The Yugurs, described as a kindred population of the Liqians, were genetically close to the Liqians in PC and MDS plots, which is compatible with the admixture analysis. The paternal genetic contribution indicated that the Liqian and the Yugur populations have similar contribution proportions from the Han Chinese and Mongolian populations. Nevertheless, the underlying genetic difference between the Liqian and Yugur populations was explored in a median-joining network and neighbor-joining tree (Fig. 5, Fig. 6). It may result from long-term isolation by distance. In addition, the Yugurs are strictly endogamous and live in autonomous regions of the central province of Gansu, while the Liqians live together with Han Chinese. Overall, the genetic difference between the Liqian and Yugur populations is statistically non-significant.
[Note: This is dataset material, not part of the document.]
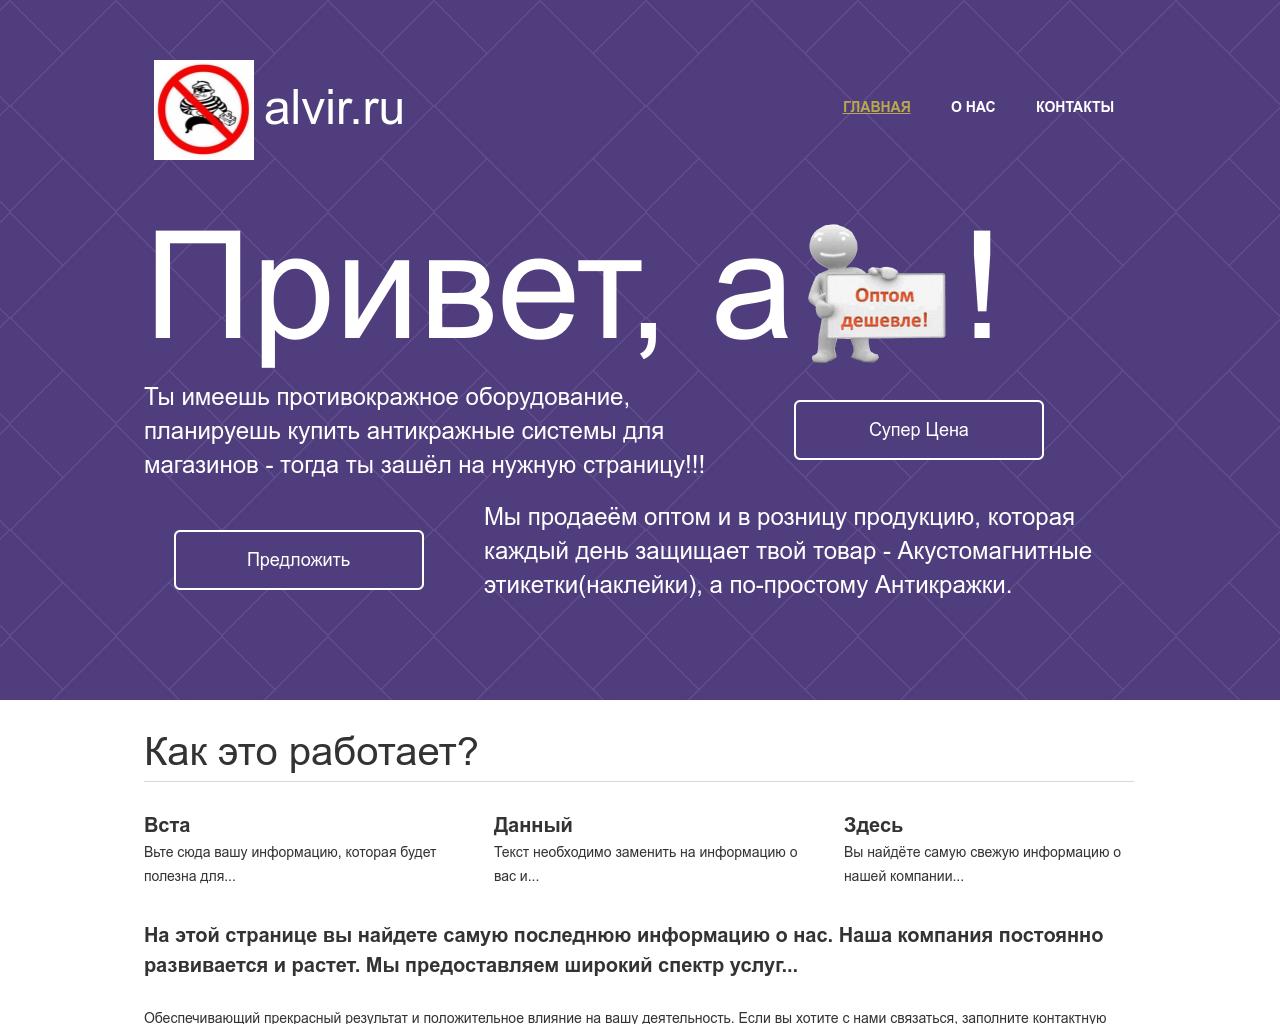 Изображение сайта alvir.ru в разрешении 1280x1024

In PC and MDS analysis, the Liqian population is fairly distinguished from Central Asian and West Eurasian populations. The result is incompatible with the historical hypothesis that the Liqian people derived from ancient Roman soldiers, which probably included mercenaries from West Asia, as described by Huang et al. 1990. When Liqian haplotypes were compared with worldwide populations in the YHRD, no matches were found only in the West Eurasian populations, and only two matches were shared by European populations and East Asian populations. The two Liqian haplotypes are present in West European populations, but they belong to East Asian-specific haplogroup O3. The incompatible fact probably arose from the high mutation rate of Y-STR. It seemed that the two Y chromosomes are more likely to be Asian lineages than European lineages. Failure to find an apparent link between the Liqian people and ancient Roman soldiers in this study might be either because long distance migration and intermarriage have erased earlier genetic signatures or because the Liqians are just a general population in north China.
Moreover, it is noteworthy that a small proportion of Liqian people with mixed racial traits are not necessarily associated with ancient Roman soldiers. Along the ancient Silk Road in north China, it is common to see people with Caucasian morphological traits, which is also a classical trait of Chinese minority ethnic groups in Xinjiang (like the Uygurs). Therefore, we cannot trace a Liqian origin only from morphological traits.
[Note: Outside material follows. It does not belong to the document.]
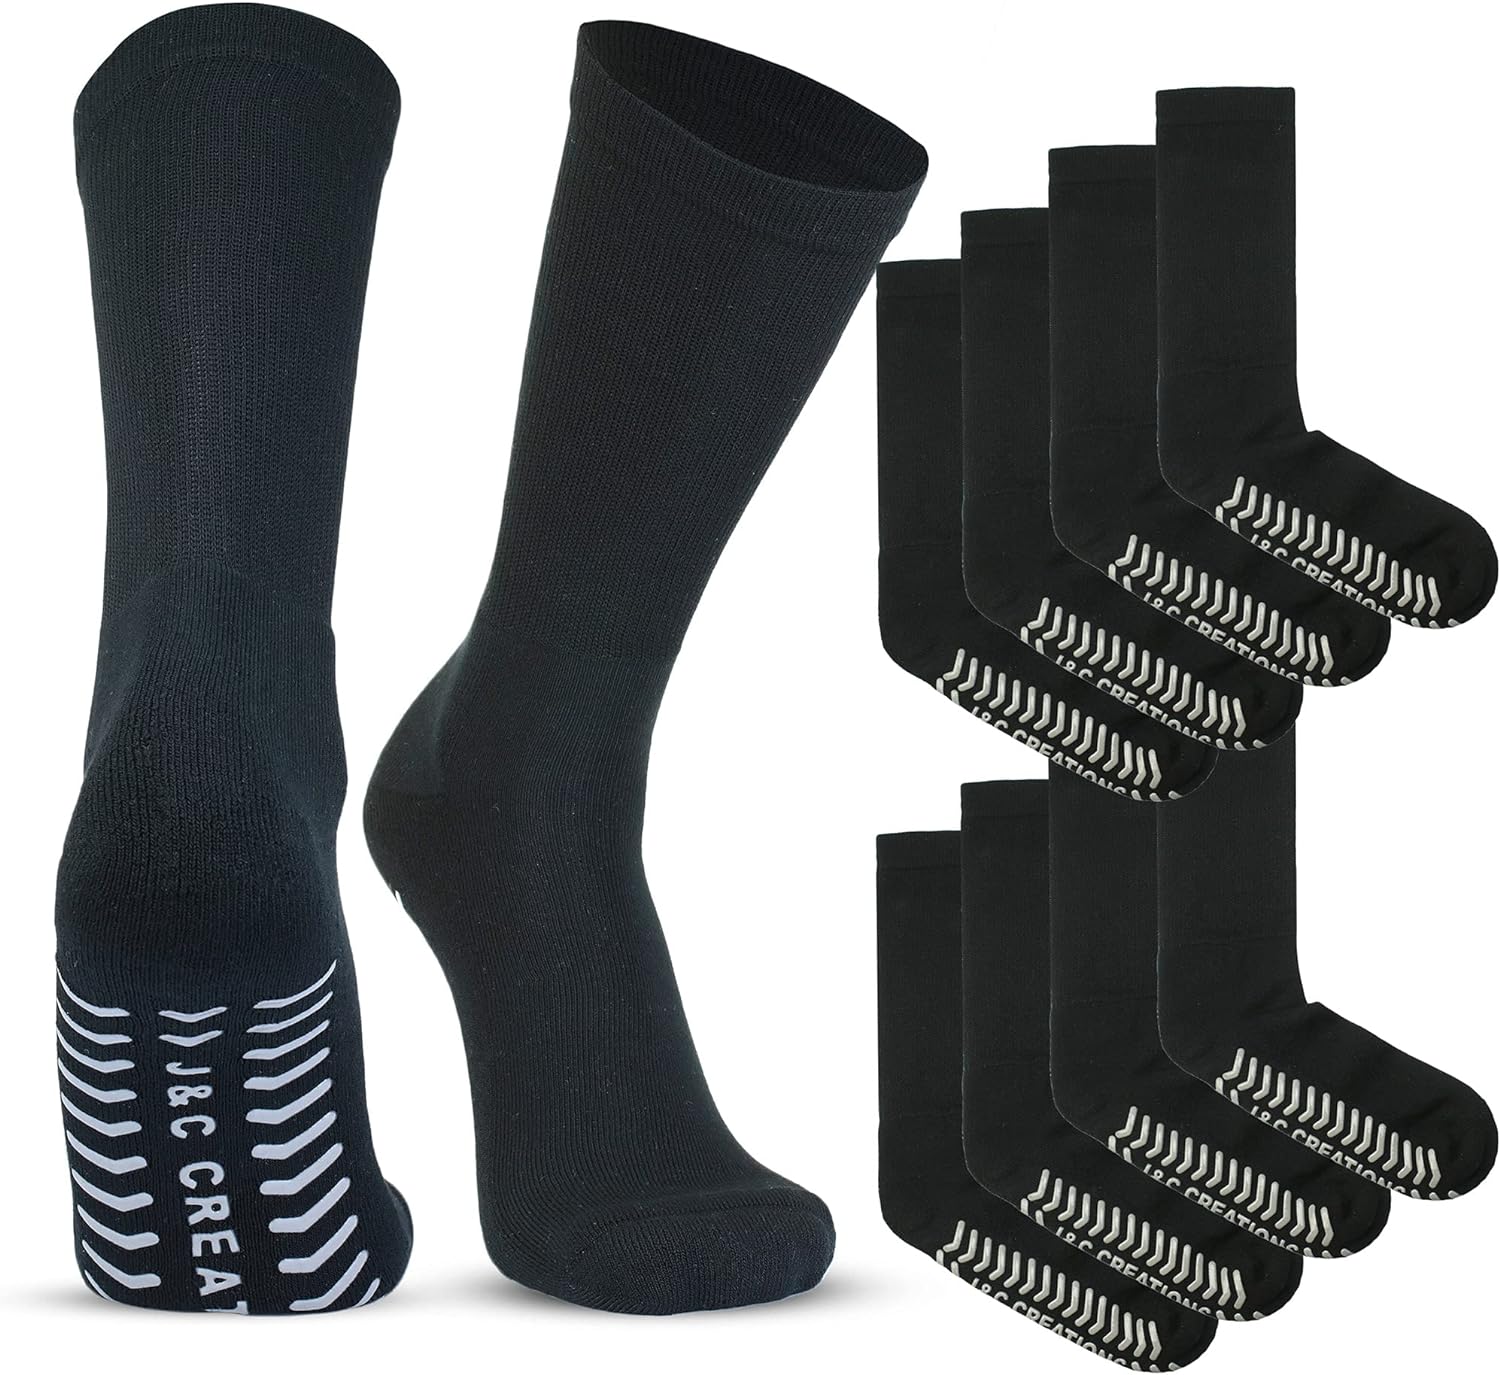 Hospital Socks With Grips - Diabetic Neuropathy Socks - Physician Designed - Non-Slip Socks Size: Mens 10-13, Womens 9-11

As described above, the Liqians are closely related to Chinese populations, especially the Han Chinese in north China. In addition, the Liqian and Yugur populations are likely to be kindred populations. No obvious signature of Roman soldier origin is observed in the Liqian paternal gene pool. A Roman mercenary origin for the Liqian people is likely to be nothing more than an interesting theory. In order to reveal genetic landscapes of the Liqians completely, complementary autosomal and mtDNA studies have to be carried out in future work.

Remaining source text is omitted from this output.